Take patient's blood, add oxygen, zap it with light, warm it and put it back, great for heart patients
Main Category: Immune System / VaccinesArticle Date: 30 Jun 2004 - 11:00 PDT
A new treatment developed by Canadian scientists which involves taking some of a patient's blood, adding oxygen to it, zapping it with ultraviolet light, warming it up and then putting the blood back into the patient, seems to work wonders for people with chronic heart failure.
Not much blood is needed for this procedure, just ten millimetres - less than you could get on a dessert spoon. According to the researchers, the procedure provokes an immune response in the body that halts inflammation. Inflammation is associated with chronic heart failure - this damages the body's main organs over the medium (and long) term.

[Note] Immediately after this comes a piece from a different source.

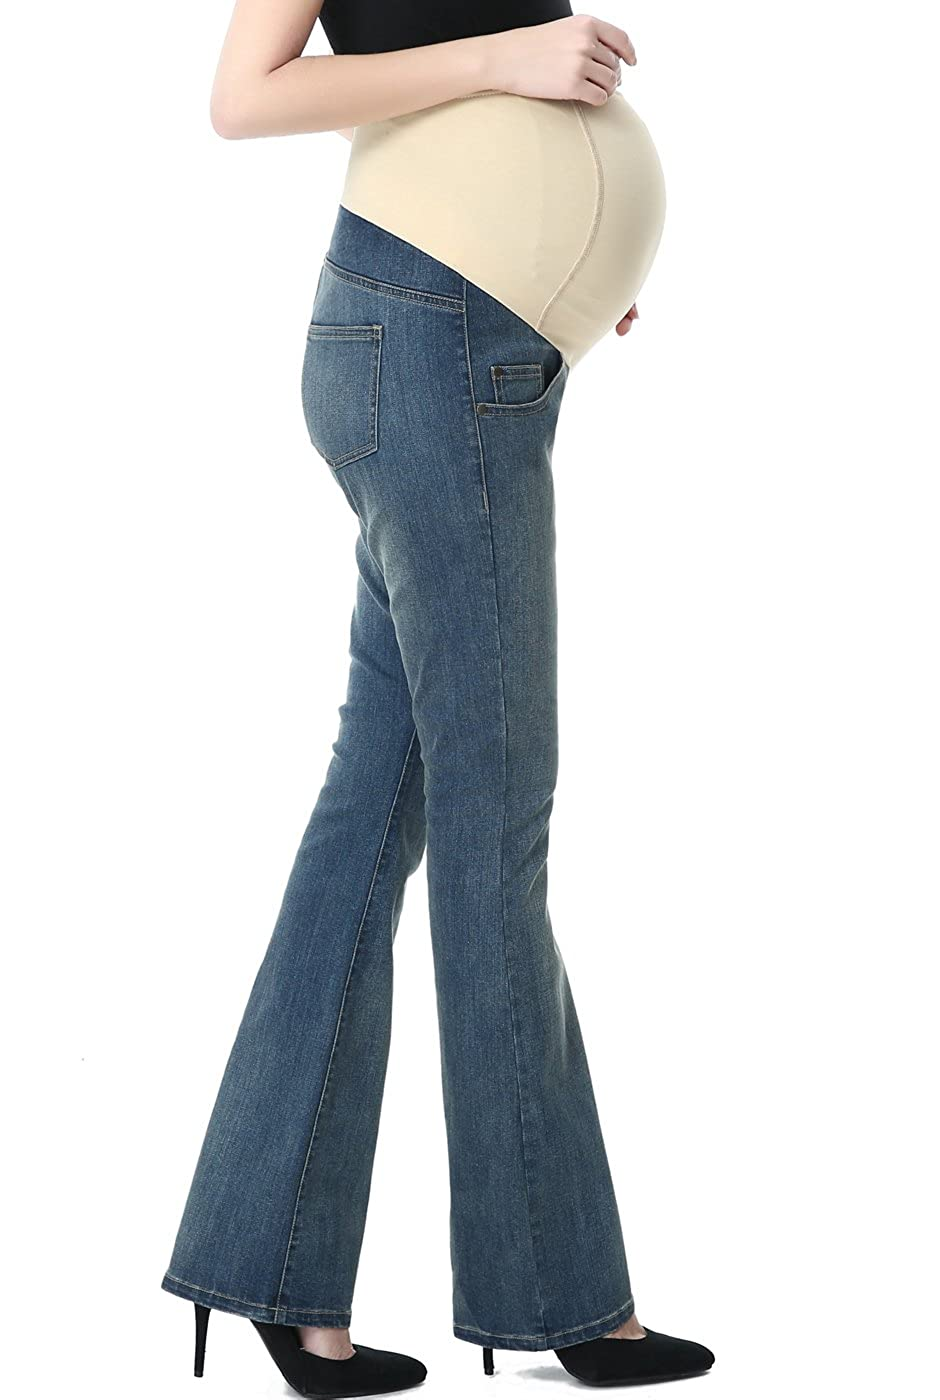 Momo Maternity Women's Modern Boot Cut Denim Jeans

Debra Isaac, director of heart transplants, Foothills Medical Centre in Calgary, Canada, said "Inflammation plays a pretty important role in the development and progression of heart failure. What the immune modulation therapy does is it targets the destructive inflammatory changes by activating the patient's own immune system and increasing anti-inflammatory responses. So we're using the patient's own immune system to counteract the bad effects of heart failure."
A study is taking place in the USA and Canada. It involves 2,000 patients. All the patients have either, chronic or congestive heart failure. The patients will undergo this procedure three times in the first month, and then once a month for a period of 24 months.
Lead researcher in Canada, Jean Rouleau, University of Montreal, said "It is critical that we slow down the inflammatory process that is toxic to the heart. Our hope is this potential treatment can alleviate the serious side-effects of chronic heart failure and treat the long-term damage caused by the disease."